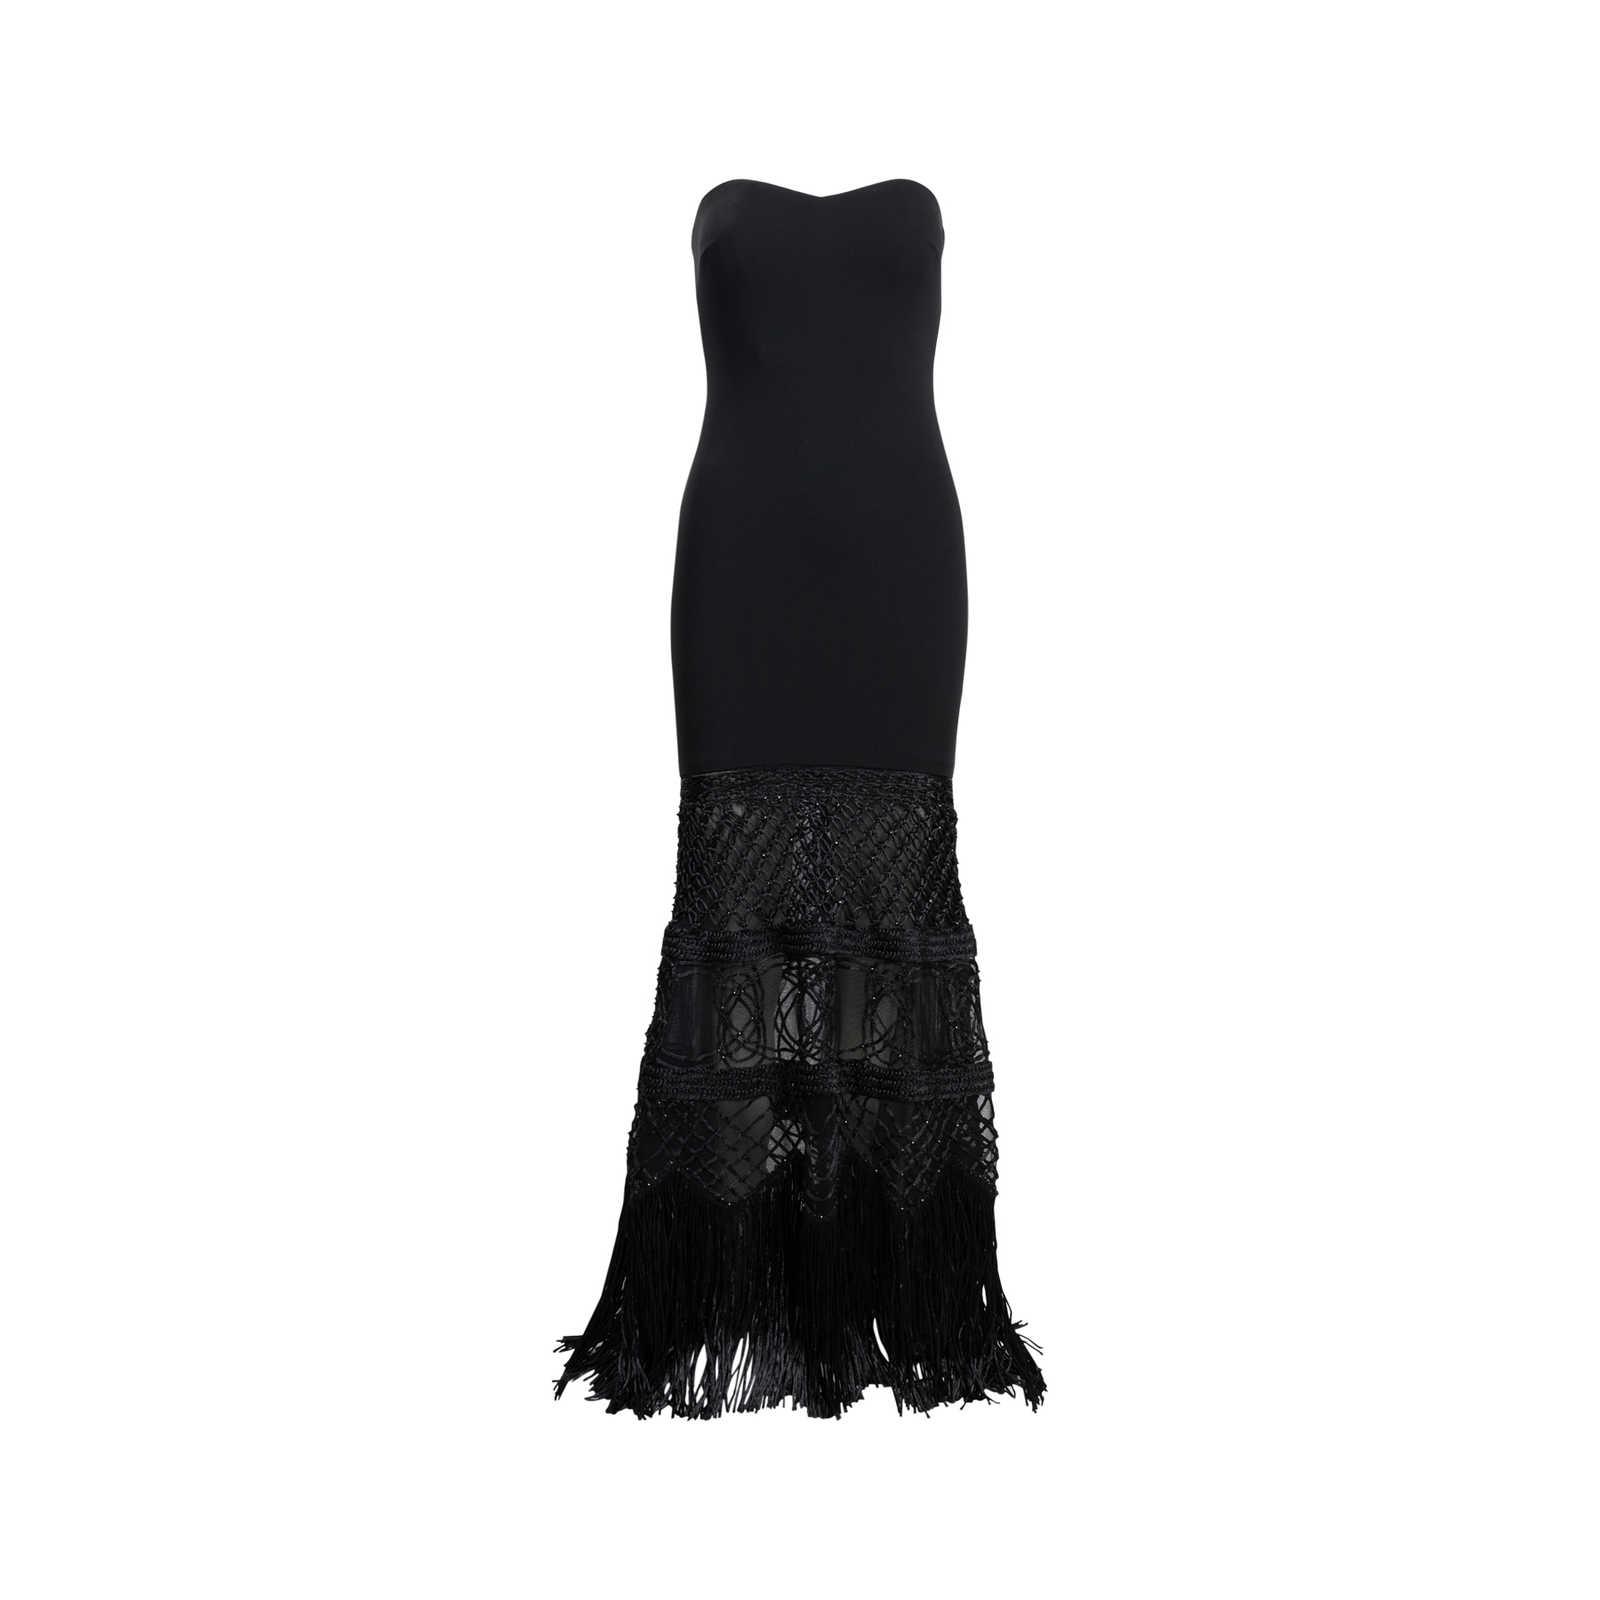 Authentic Second Hand Badgley Mischka Strapless Fringe Gown
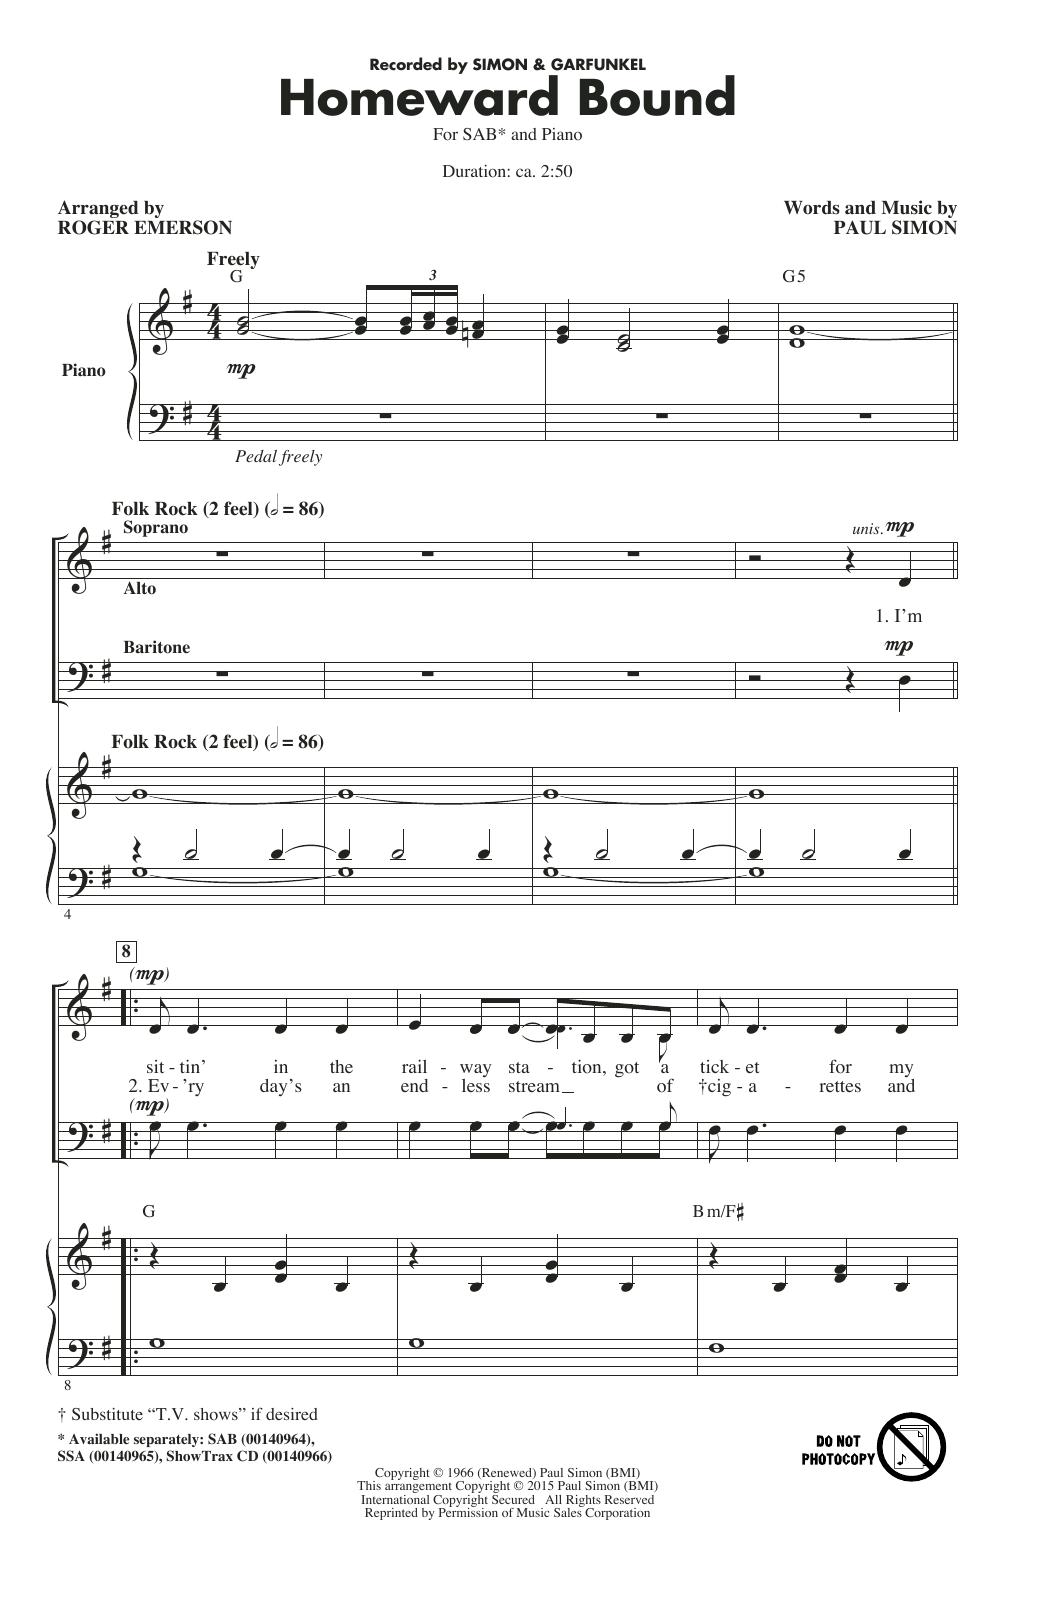 Homeward Bound (arr. Roger Emerson) Sheet Music
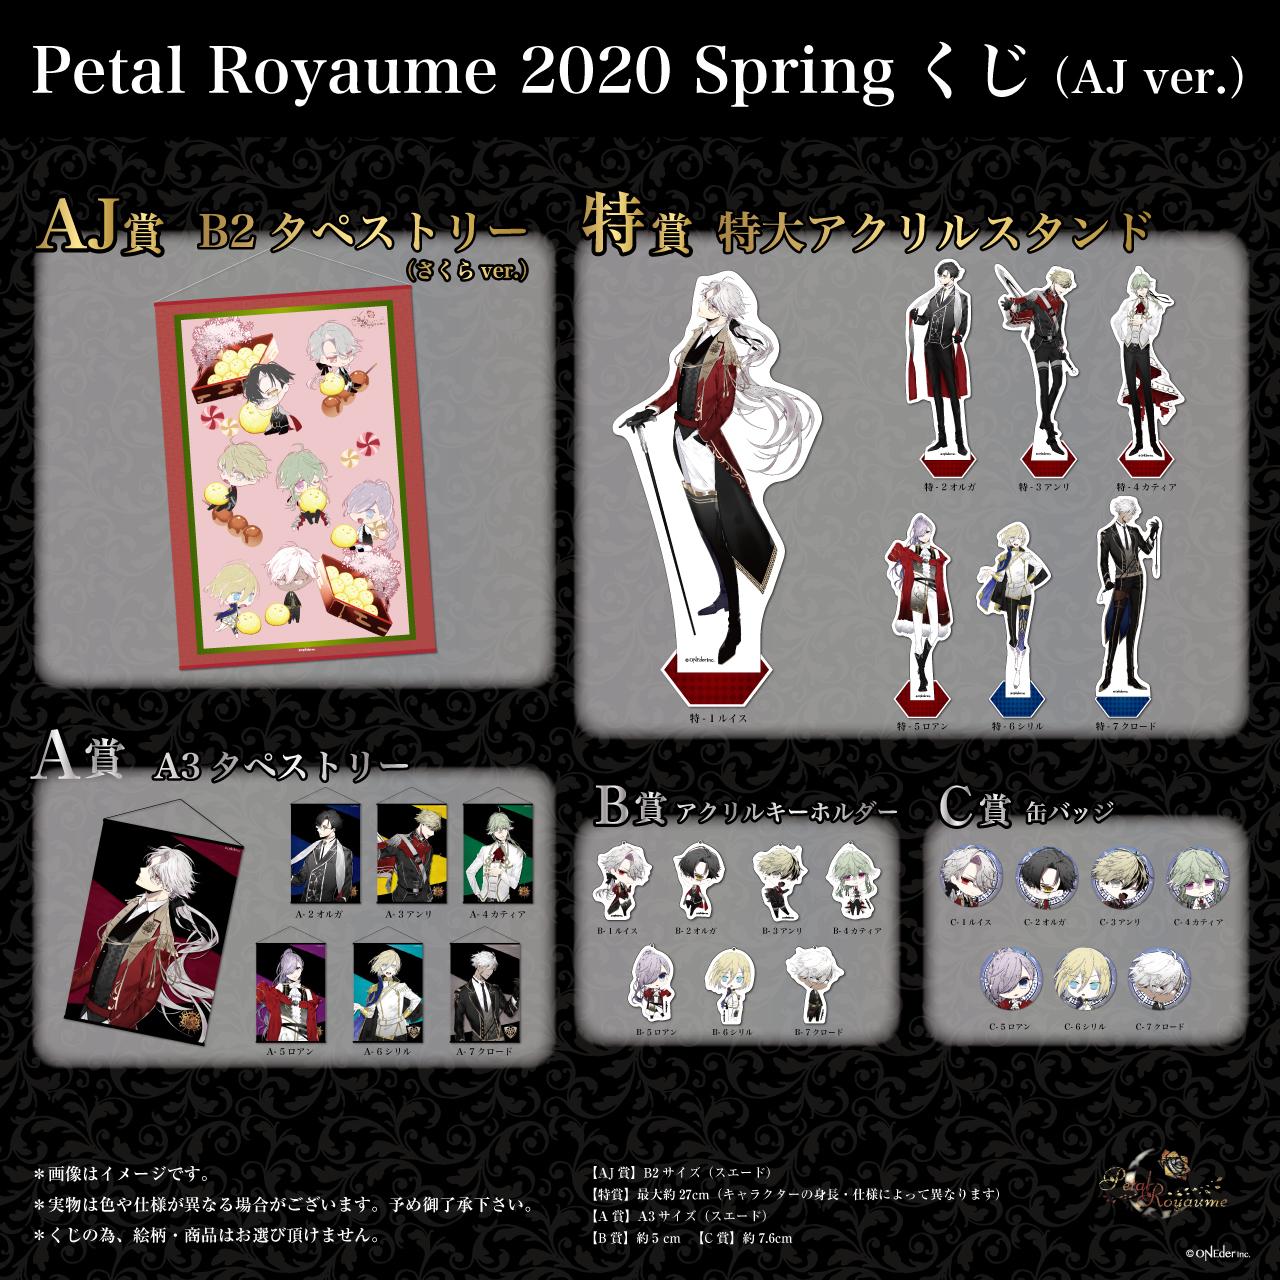 (LOT)Petal Royaume 2020 Spring くじ(AJ ver.)

-------------------------

## Exercise requirements
This exercise asks for the data above to be given again exactly, without pictures.

## Exercise solution
 Authentic Second Hand Badgley Mischka Strapless Fringe Gown
 Homeward Bound (arr. Roger Emerson) Sheet Music
 (LOT)Petal Royaume 2020 Spring くじ(AJ ver.)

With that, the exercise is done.